_Task objective_
Restate the listing below line for line and word for word, without the pictures.

━━━━━ Data section

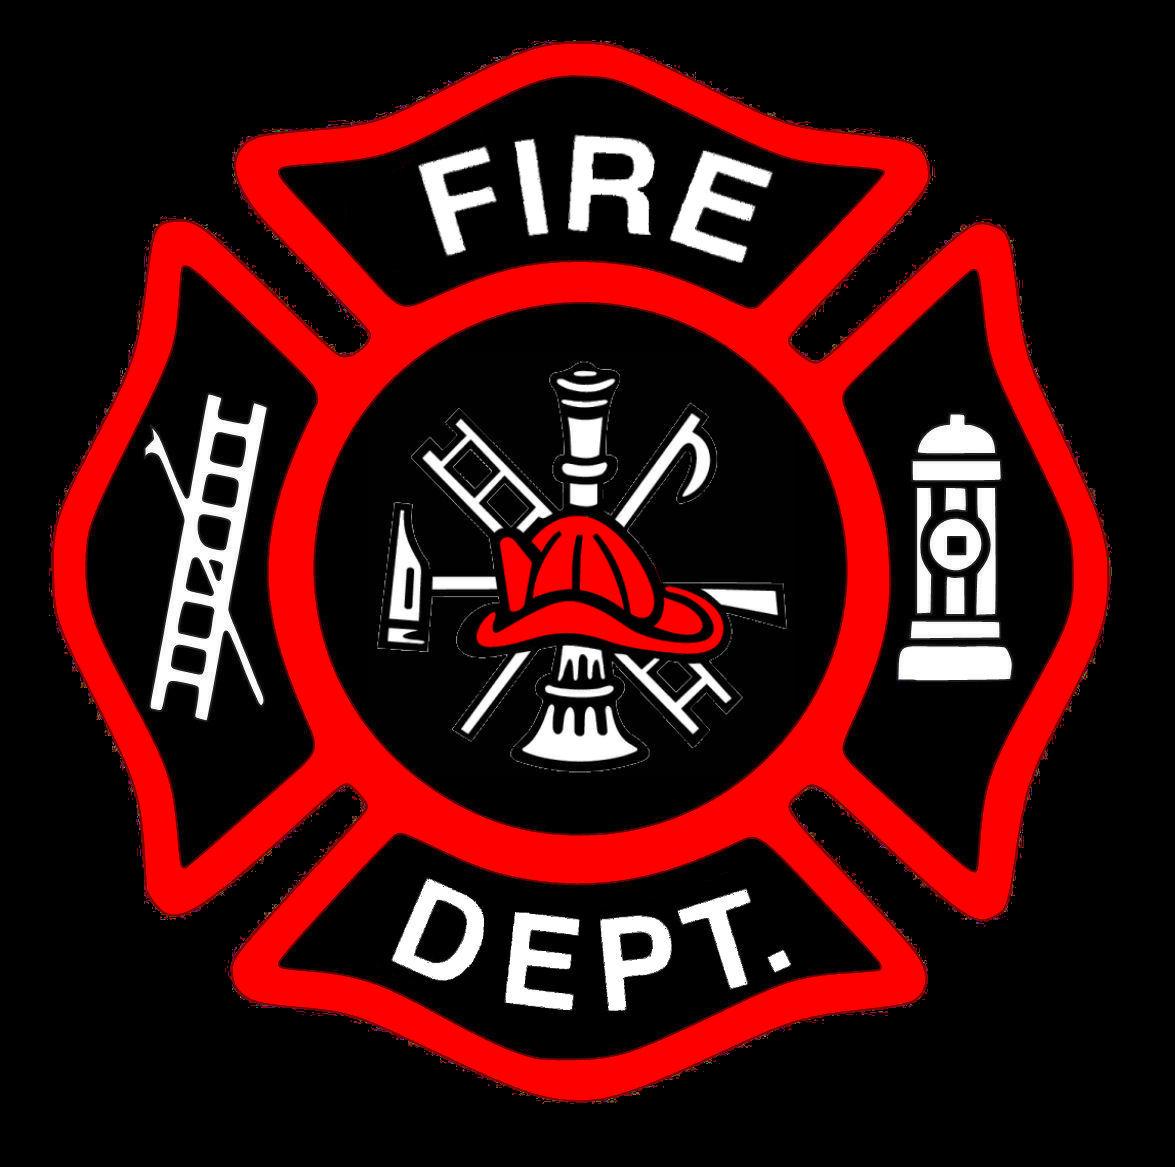 Firefighter Logo Clipart.
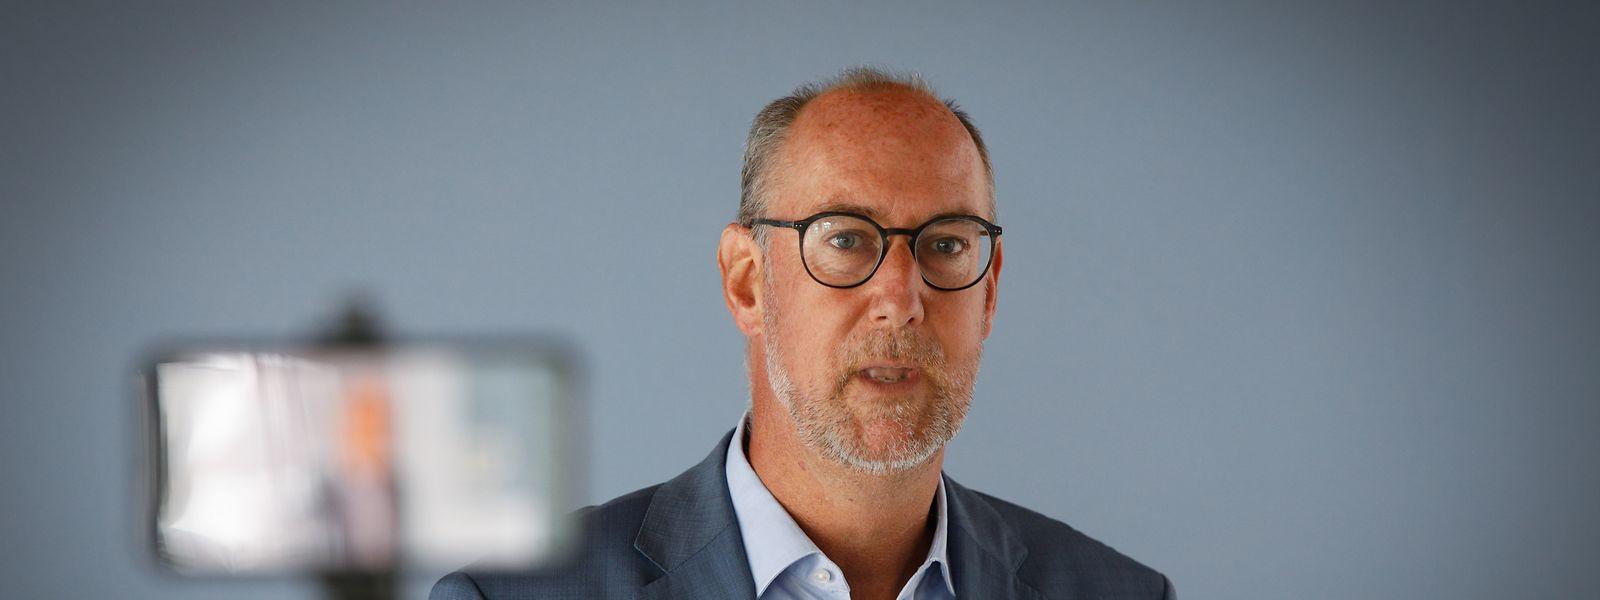 Gilles Baum steht seit Januar an der Spitze der DP-Fraktion.
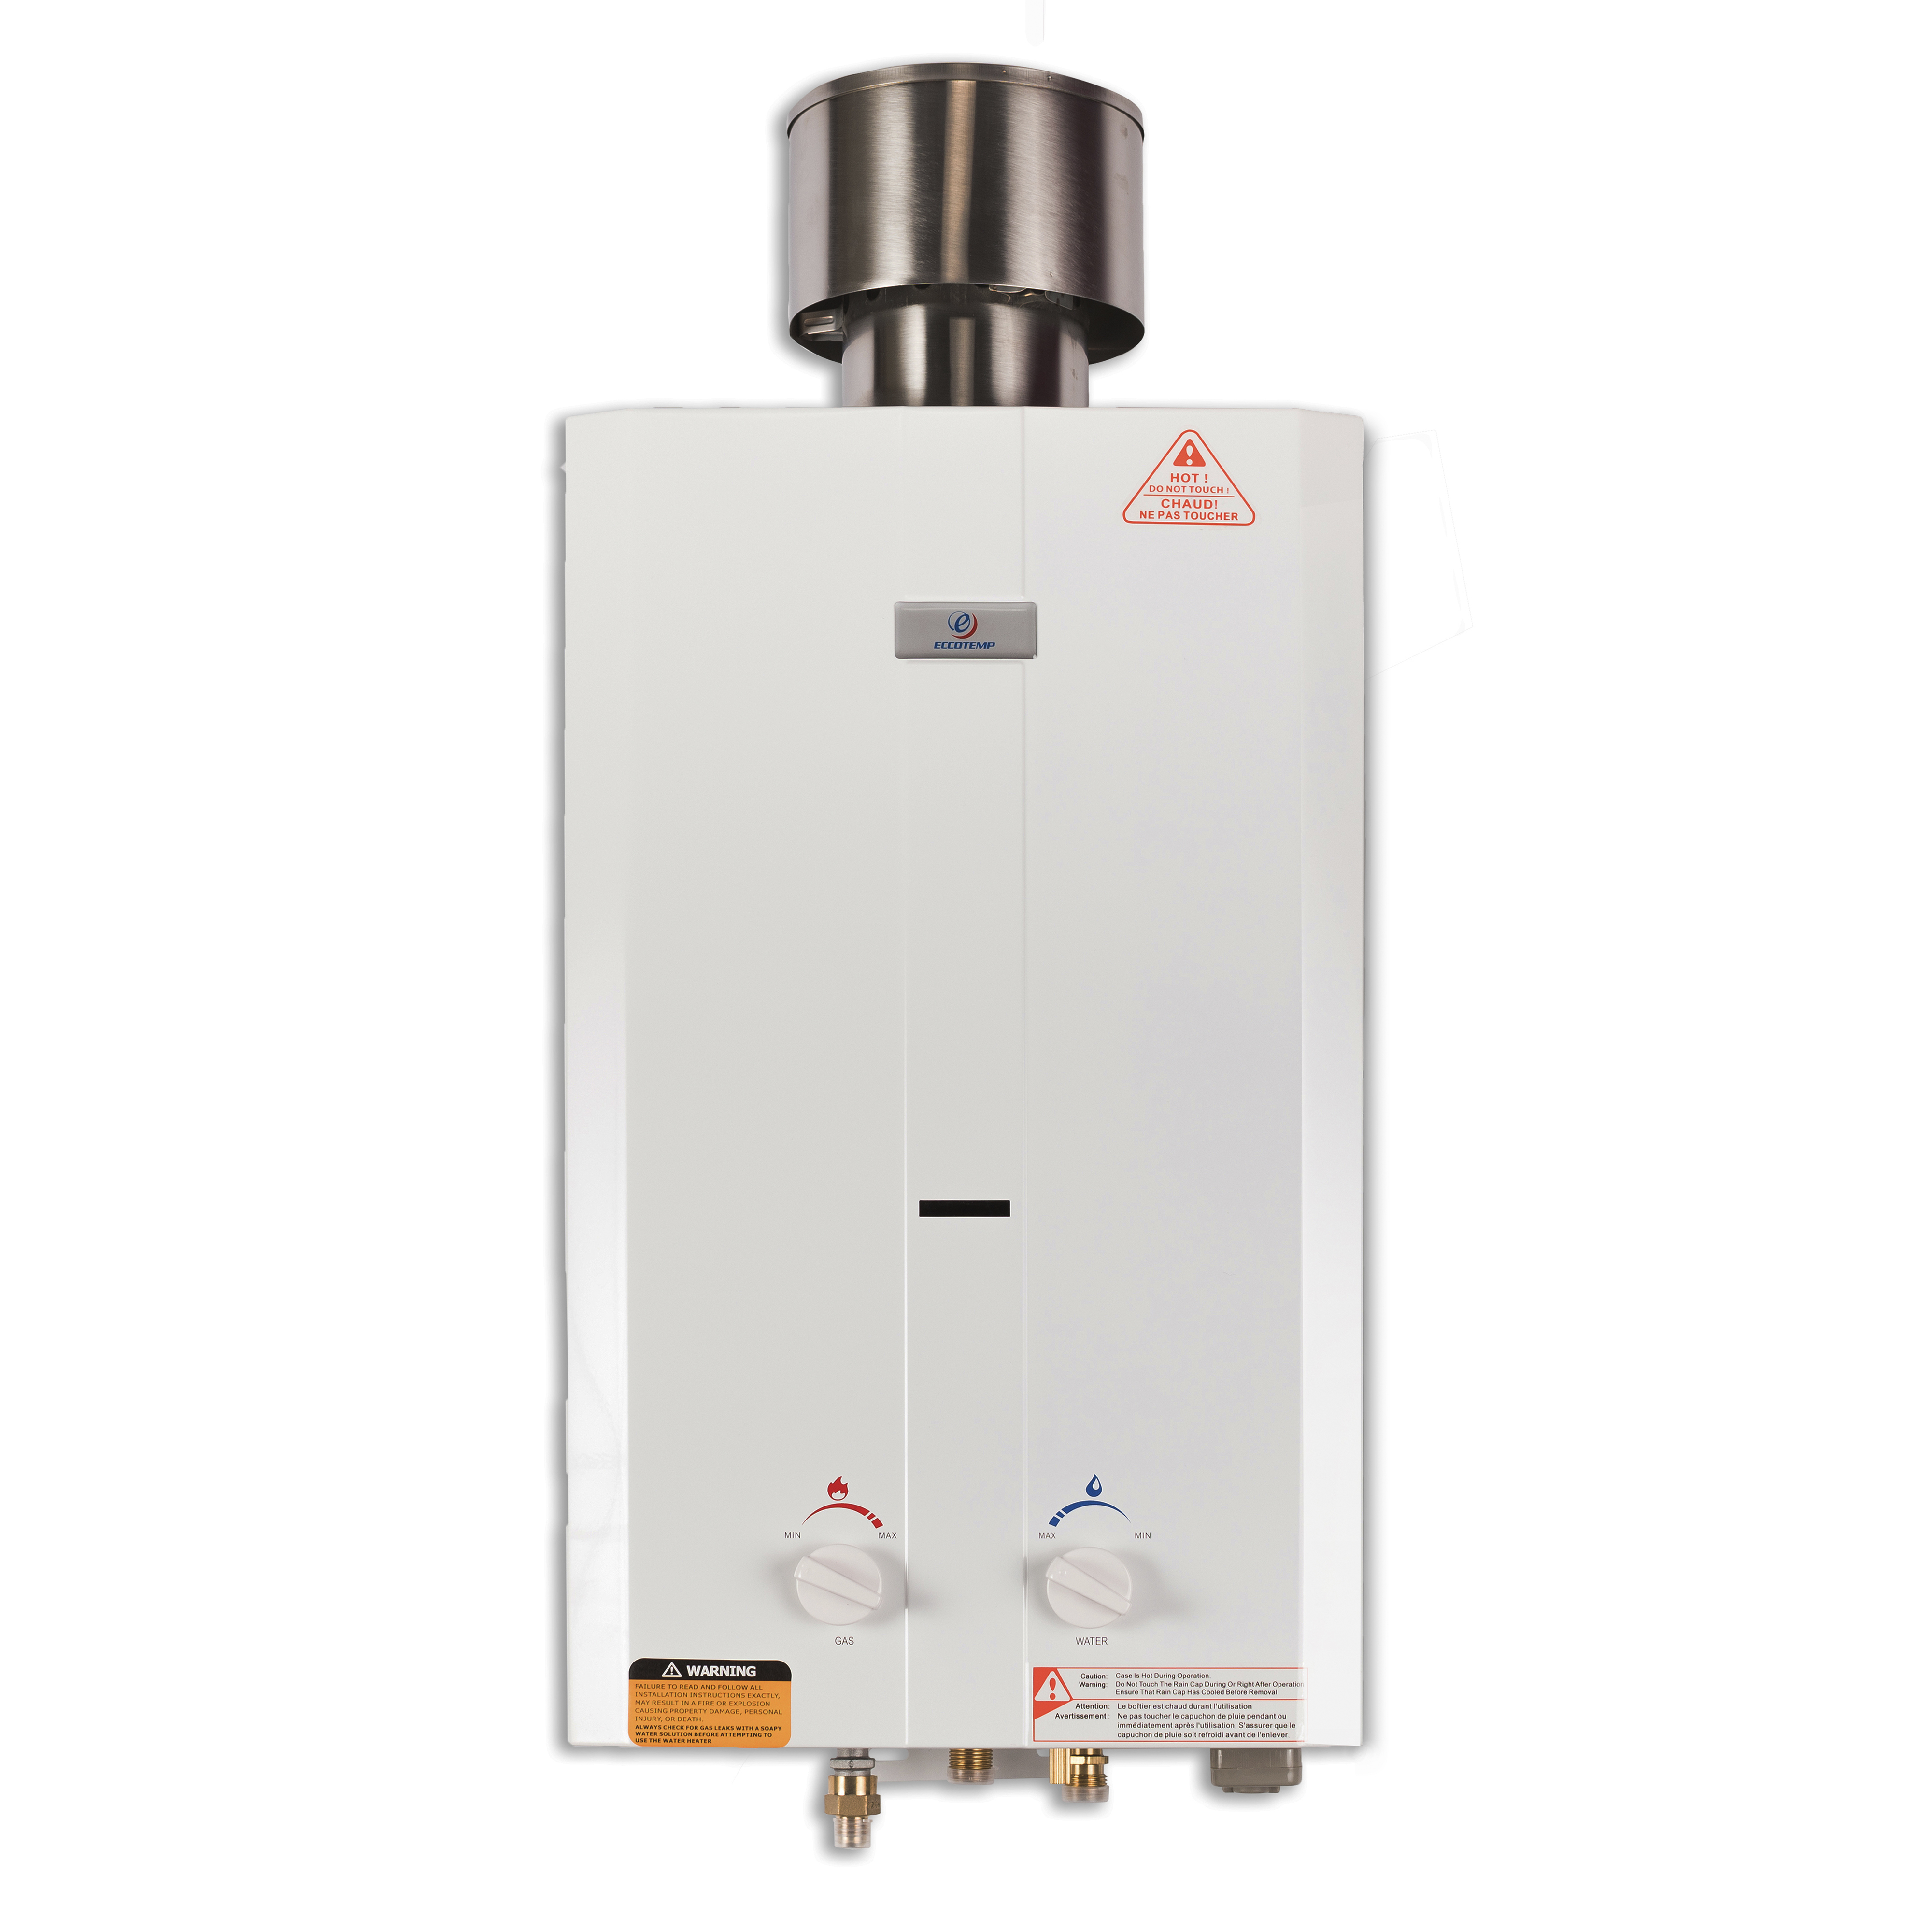 Hot water heater manual ebook manual ebook aliyan us array eccotemp l10 portable outdoor tankless water heater walmart com rh walmart fandeluxe Gallery

━━━━━━━━━━

_Response box_
 Firefighter Logo Clipart.
 Gilles Baum steht seit Januar an der Spitze der DP-Fraktion.
 Hot water heater manual ebook manual ebook aliyan us array eccotemp l10 portable outdoor tankless water heater walmart com rh walmart fandeluxe Gallery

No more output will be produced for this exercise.